WHAT TO WORK ON
Set down the data again word for word. Skip any pictures.

Stored entries
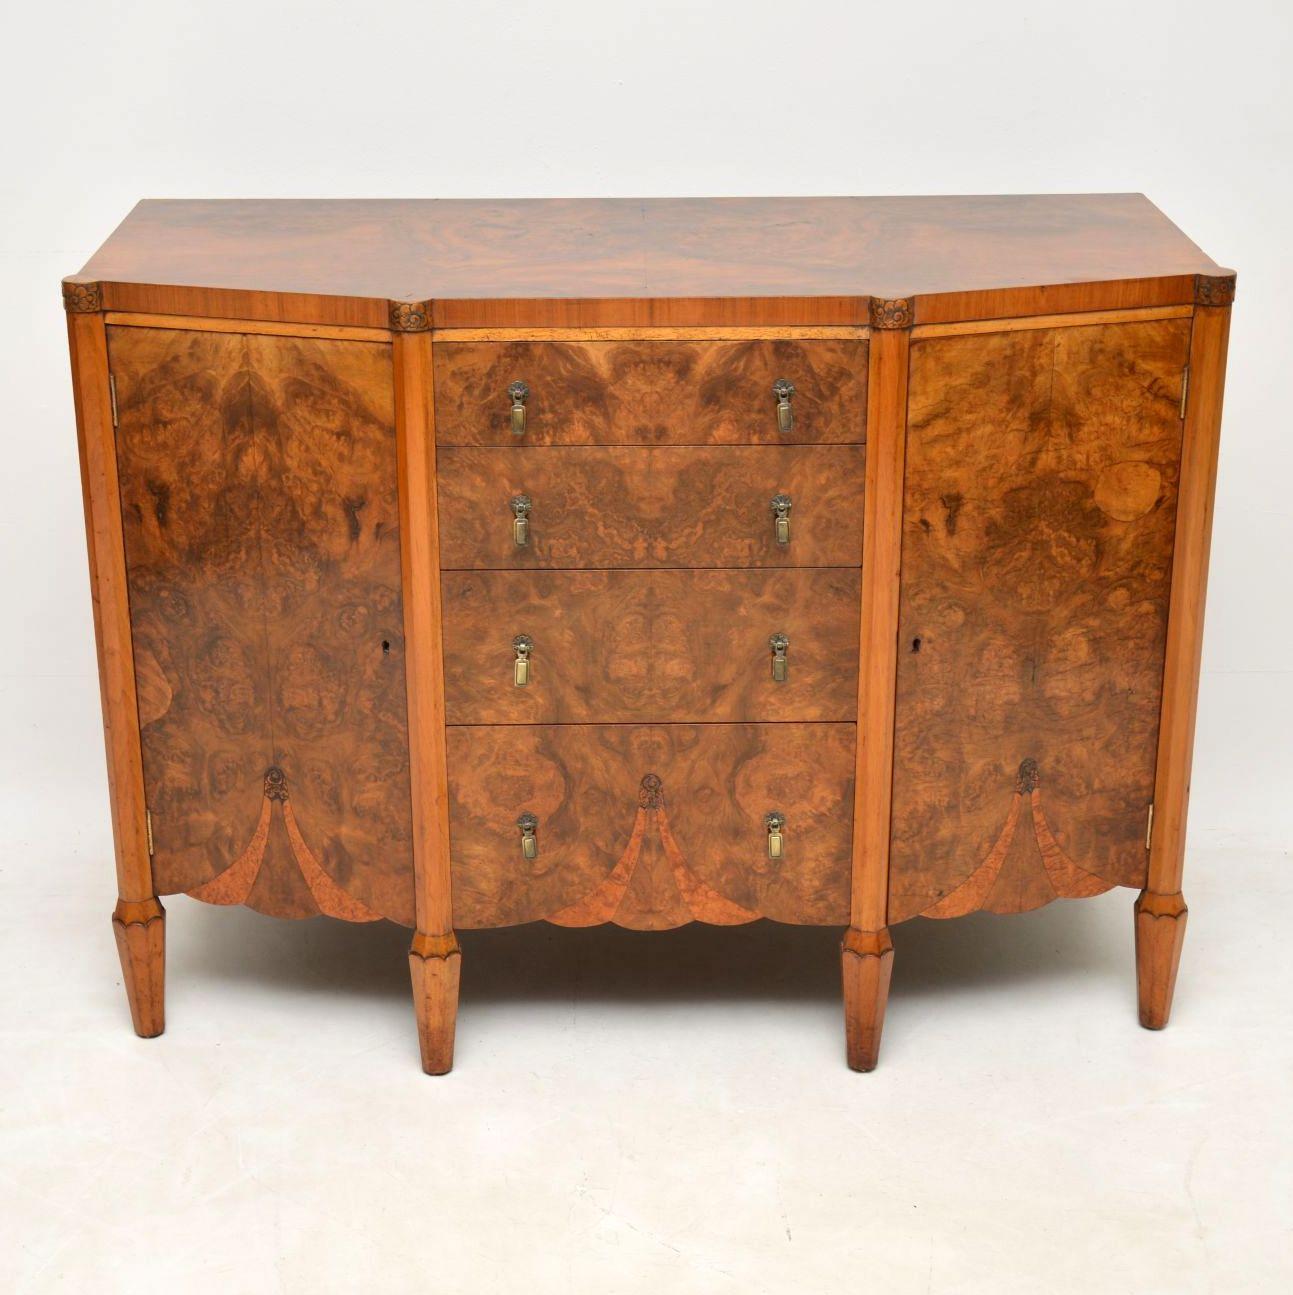 Original Art Deco burr walnut sideboard with a beautiful pattern within the veneers & of high quality. It’s in excellent condition, very stylish & a good solid practicable piece of furniture. It’s also small & compact, with plenty of storage in the
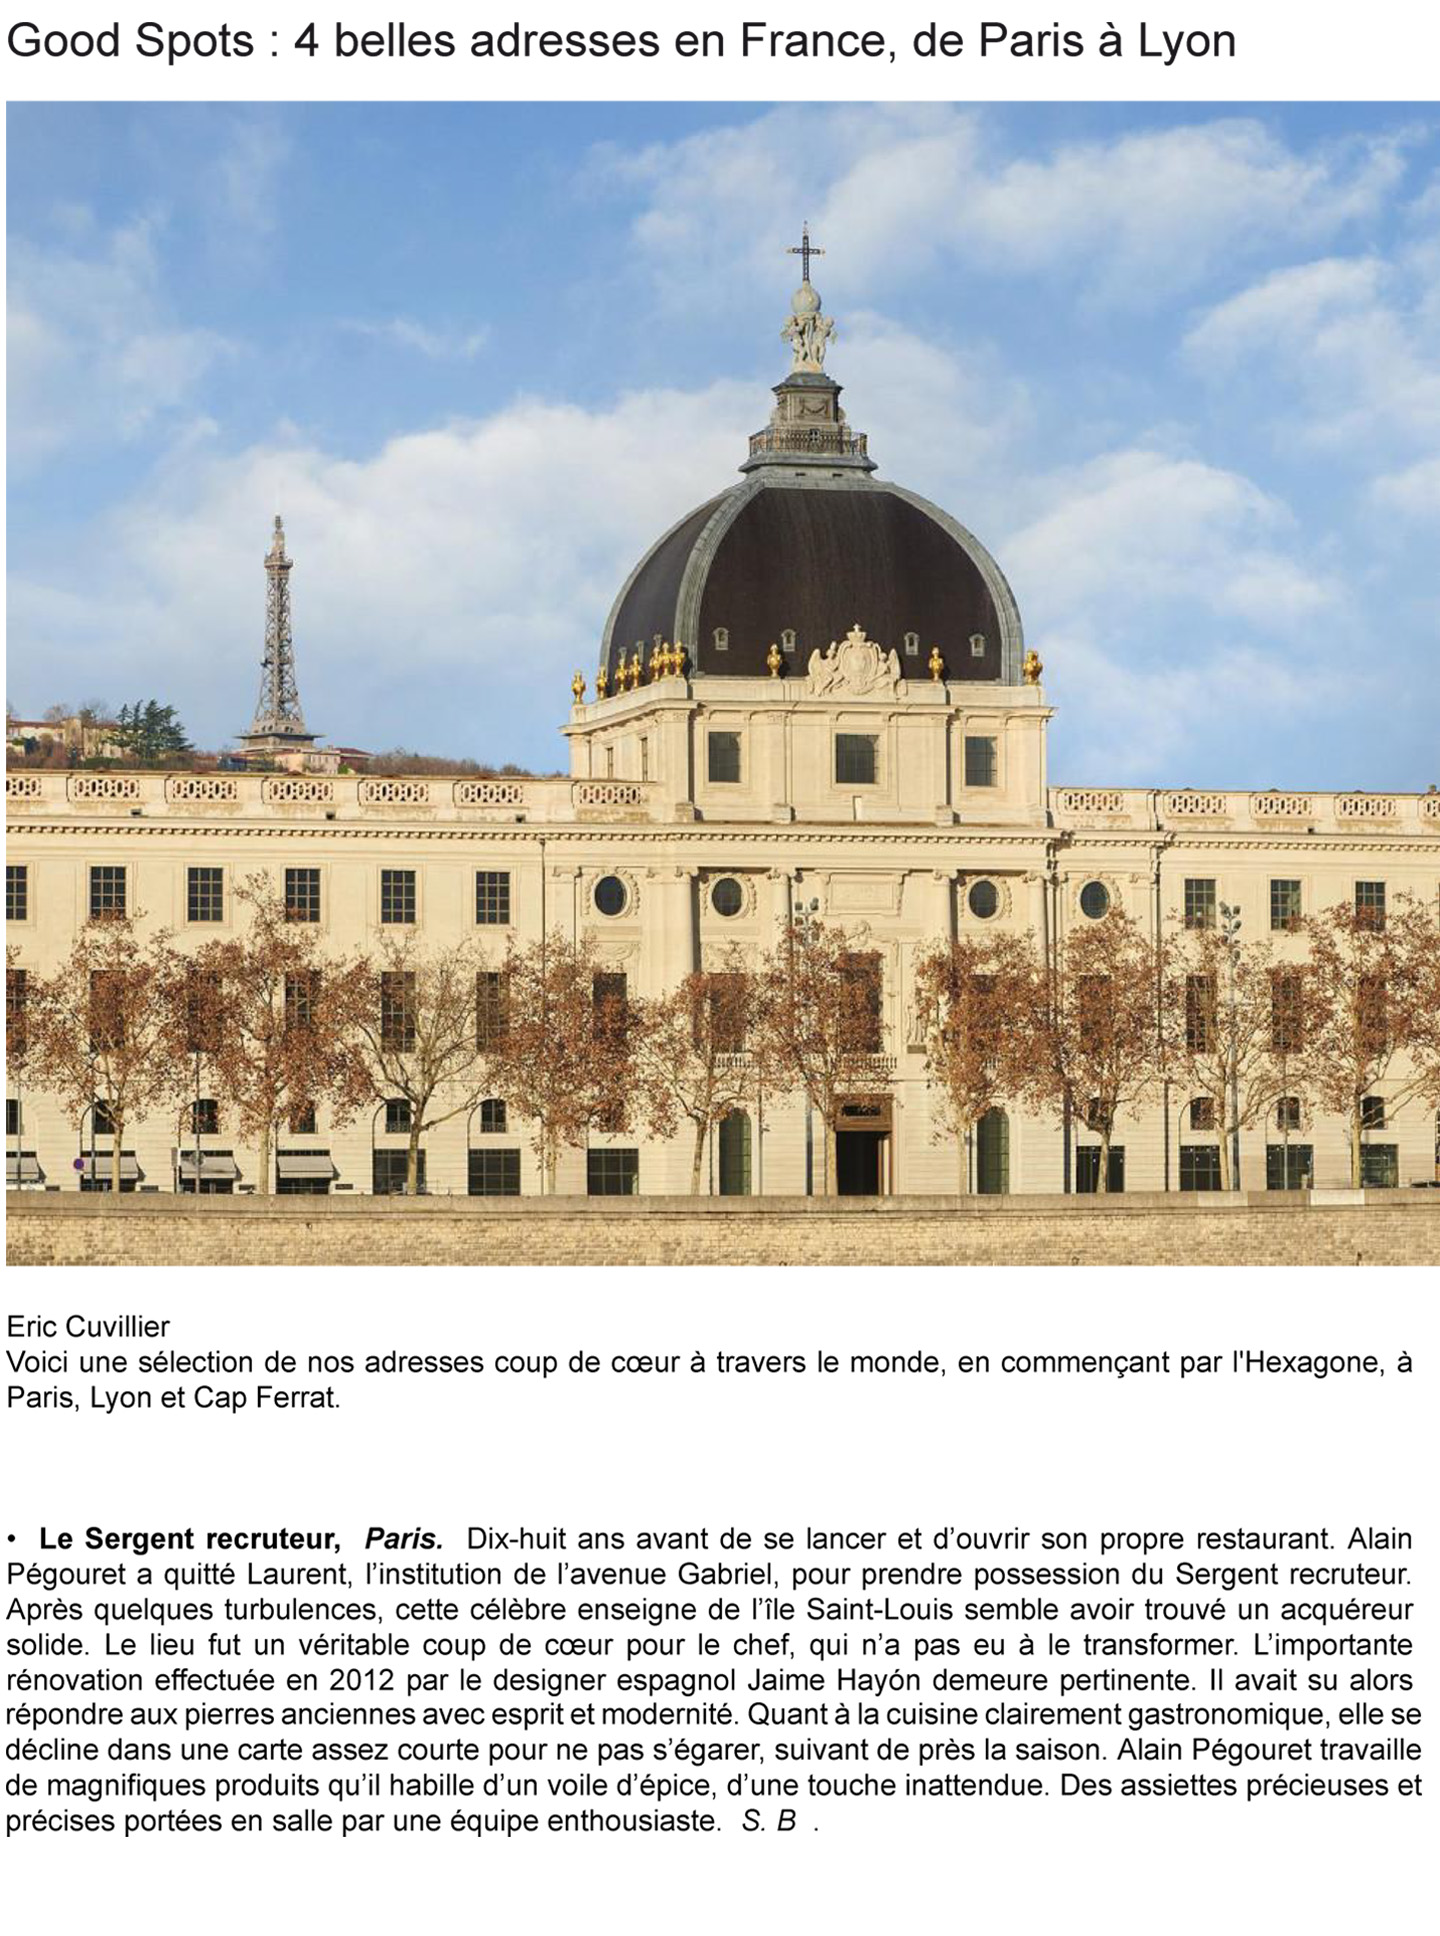 Article on the InterContinental Lyon Hotel Dieu realized by the studio jean-Philippe Nuel in the magazine The Good life, new luxury hotel, luxury interior design, historical heritage
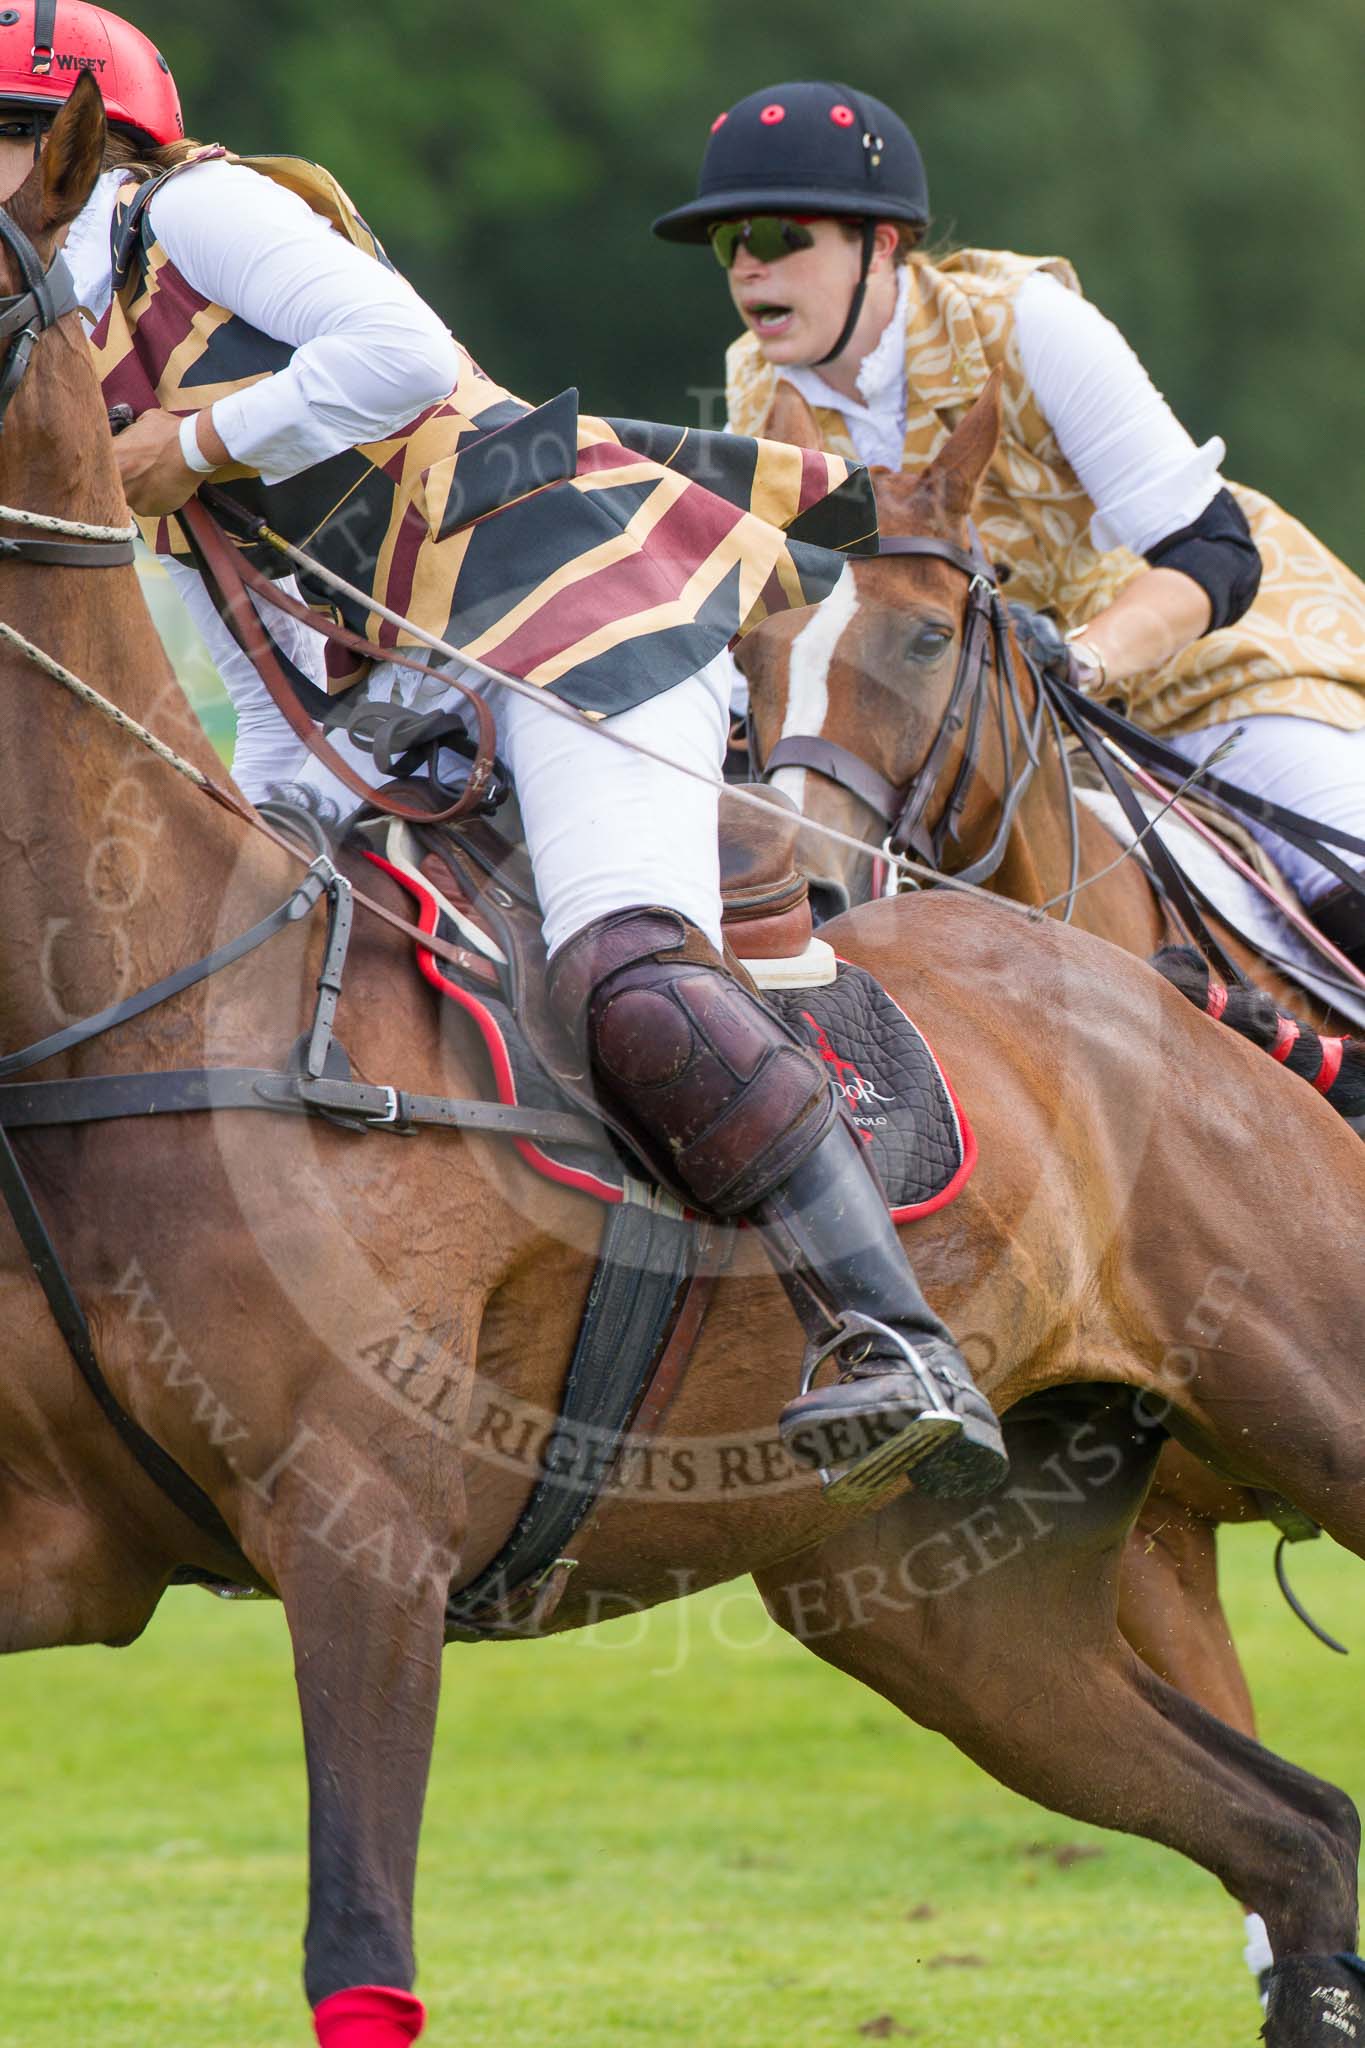 7th Heritage Polo Cup semi-finals: Speed, skill and courage shown here by Sarah Wisman & Heloise Lorentzen..
Hurtwood Park Polo Club,
Ewhurst Green,
Surrey,
United Kingdom,
on 04 August 2012 at 13:33, image #154

OUTPUT FOR THIS EXERCISE
 Original Art Deco burr walnut sideboard with a beautiful pattern within the veneers & of high quality. It’s in excellent condition, very stylish & a good solid practicable piece of furniture. It’s also small & compact, with plenty of storage in the
 Article on the InterContinental Lyon Hotel Dieu realized by the studio jean-Philippe Nuel in the magazine The Good life, new luxury hotel, luxury interior design, historical heritage
 7th Heritage Polo Cup semi-finals: Speed, skill and courage shown here by Sarah Wisman & Heloise Lorentzen..
Hurtwood Park Polo Club,
Ewhurst Green,
Surrey,
United Kingdom,
on 04 August 2012 at 13:33, image #154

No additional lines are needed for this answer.